I will be buying two of each, I'm just unsure about which. I want the tapco's; i just don't like their width to height ratio.

Behringer P2520 Eurolive
http://www.zzounds.com/item--BEHP2520

Tapco by Mackie 6925 2-Way
http://www.zzounds.com/item--TAP6925

Behringer B1220 PRO Eurolive Professional
http://www.zzounds.com/item--BEHB1220PRO


----------



## david henman (Feb 3, 2006)

...i bought a pair of jbl 15s with horns about seven years ago, and still swear by them.

let me know if you need the model number.

-dh


----------



## hollowbody (Jan 15, 2008)

If you haven't bought anything yet, then I'd go for active speakers. So much easier to deal with. 

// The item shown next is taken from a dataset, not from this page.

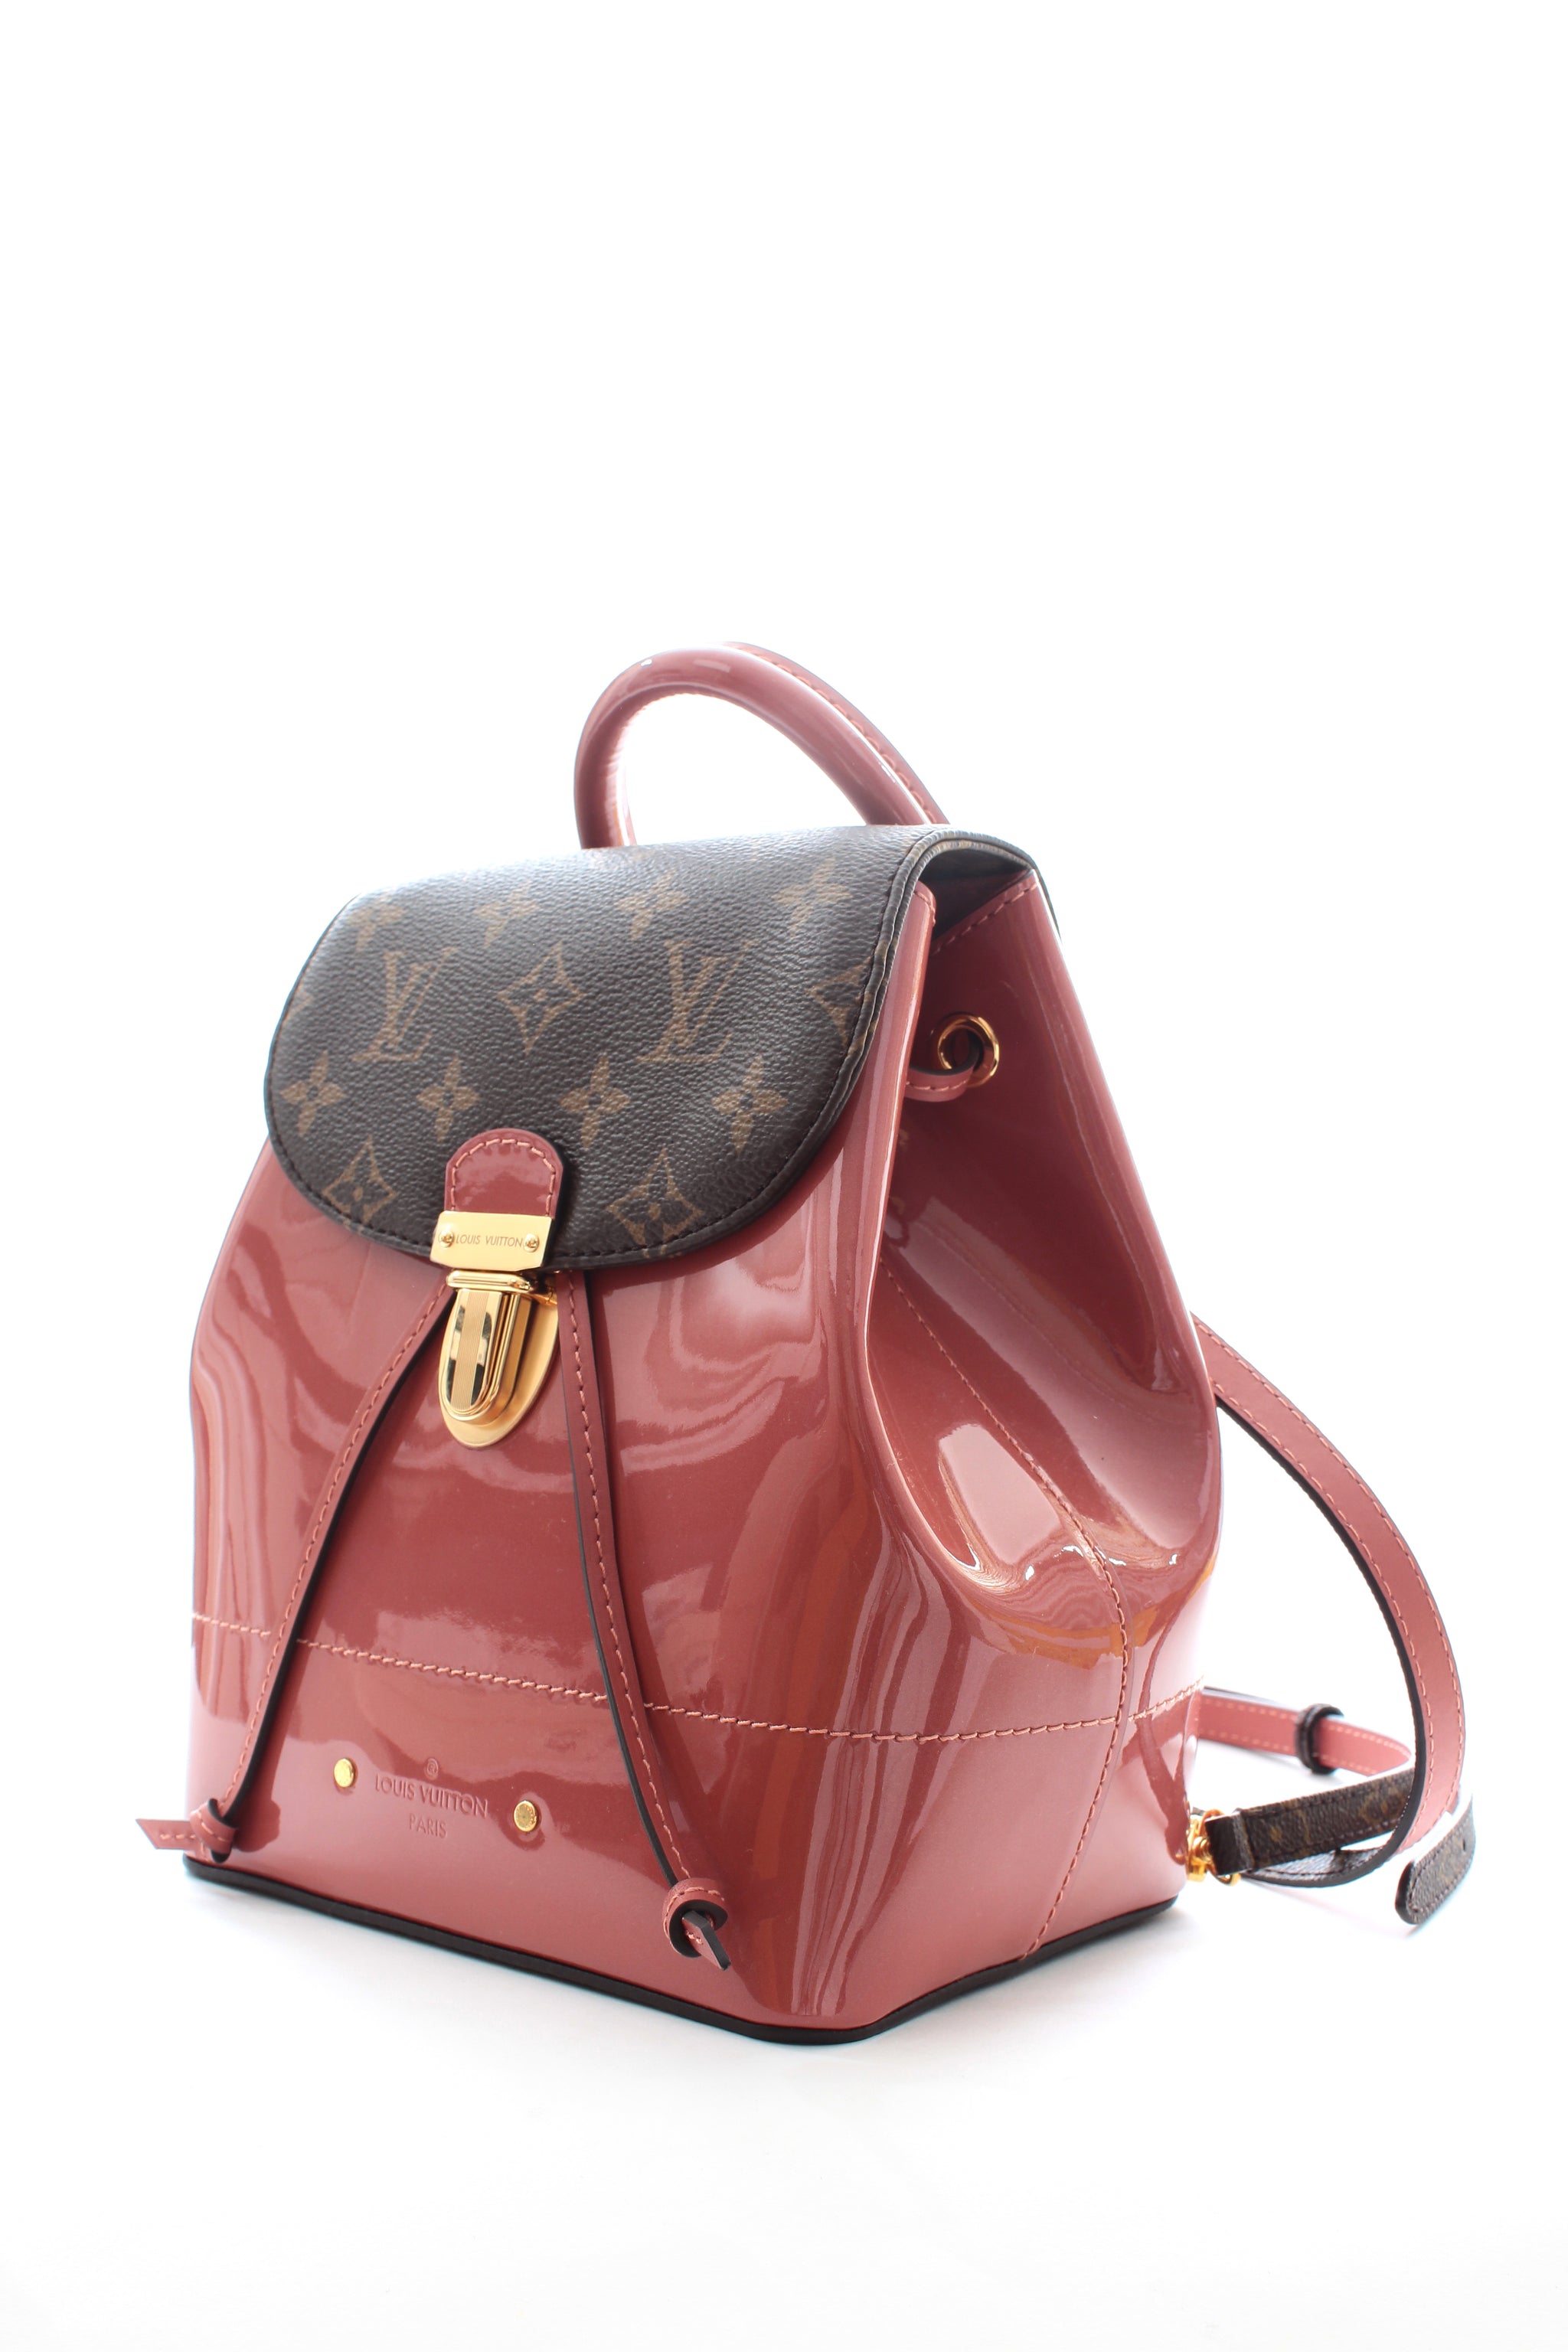 LOUIS VUITTON Hot Springs Backpack White Monogram and Patent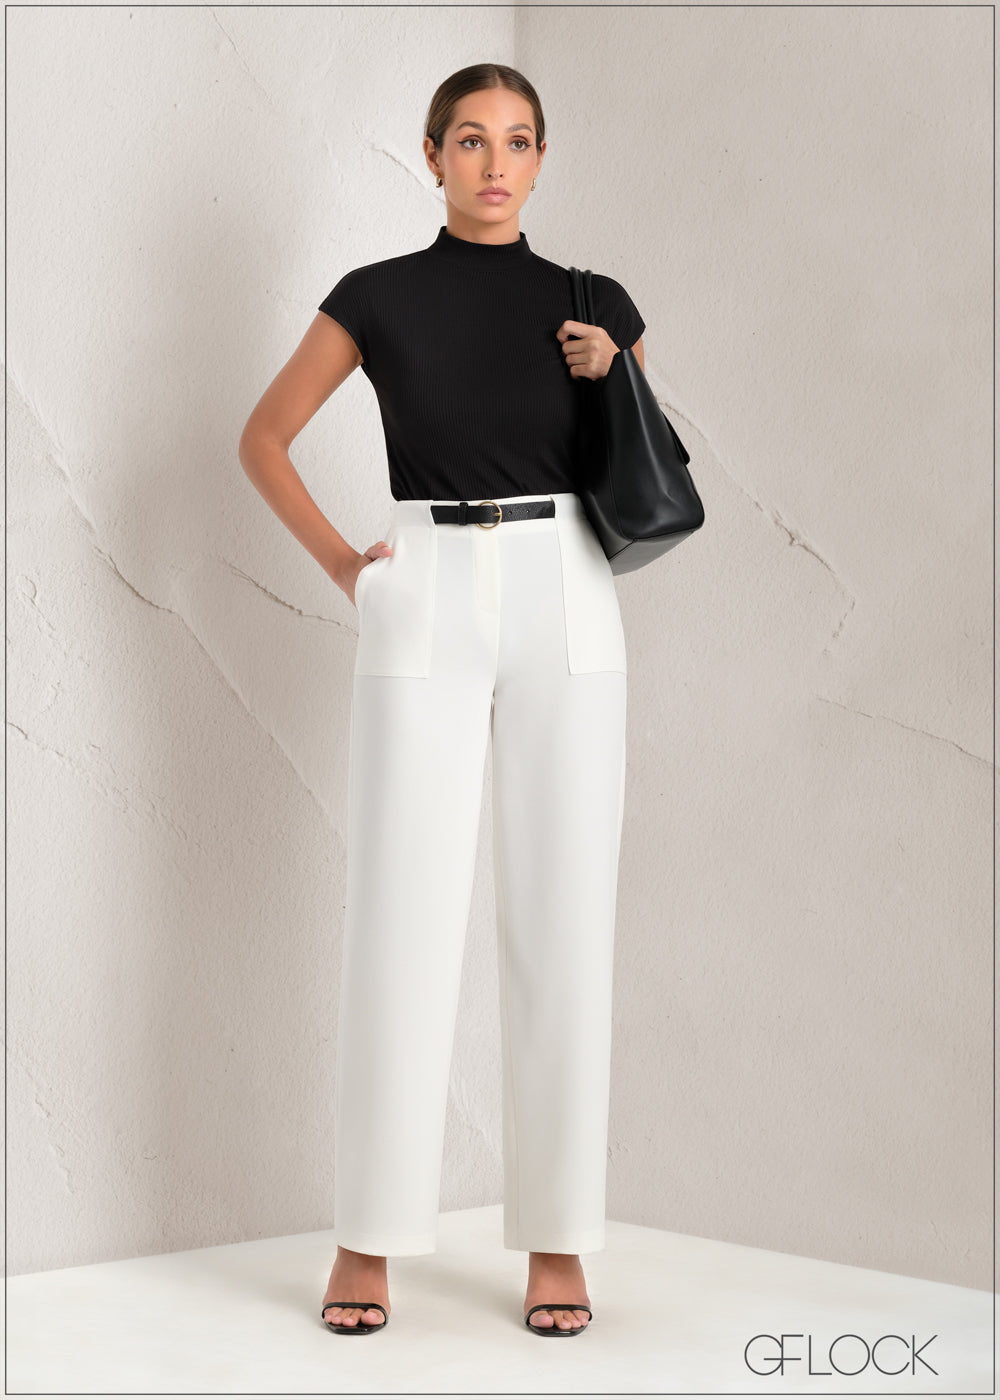 Elevate Your Style with High Waist Satin Pants - 30% Off!  Pants for women,  Women long sleeve dress, Wide leg pants

I saw your other thread and it seems to me like for what you need, and active speaker setup with a passive mixer is what you need. Have you checked out Yorkville products??? They're decent sounding and a good value. Plus they're Canadian!


----------



## will r yum (Jul 24, 2009)

I'm going to be getting the Tapco's, I would like an active/powered speaker but I can't find any low price ones with good wattage.


----------



## Chito (Feb 17, 2006)

will r yum said:


> I'm going to be getting the Tapco's, I would like an active/powered speaker but I can't find any low price ones with good wattage.


The problem with doing that is after you buy the speakers, you will be needing an amplifier or two to drive those speakers. That is why people are telling you to get an active speaker so you don't have to buy an amplifier. It would probably cost you less in the long run if you buy the active ones instead.

1200 watts is also overkill and if you are thinking of using those as PA speakers for gigs, it will take more than just buying an amplifier to drive those speakers as you will need a mixer too.


----------



## will r yum (Jul 24, 2009)

You think they'll be too loud for gigs? I realize that i'll need a mixer and an amp. I'm now debating whether to get the Tapco's I posted in this thread or these:
http://www.zzounds.com/item--TAP6915
Which would allow me to get a proper amp and perhaps a very simple mixer.
The question that I really have no idea about is what type of amp should I be buying? How many watts per channel?


----------



## urko99 (Mar 30, 2009)

*JBL 4691B speaker cabinets (pair)*

I have a pair of Jbl 4691B speaker cabinets for sale. Horn and 15" speaker passive. You simply won't find a better sounding cabinet, (birch ply) with pole mounts and brand new handles. Email; [email protected]. you can read the specs on the JBL Pro website.


----------



## Stefano (Aug 31, 2009)

Another Yorkville vote here, they are right down the road, excellent products and great warrenty.


----------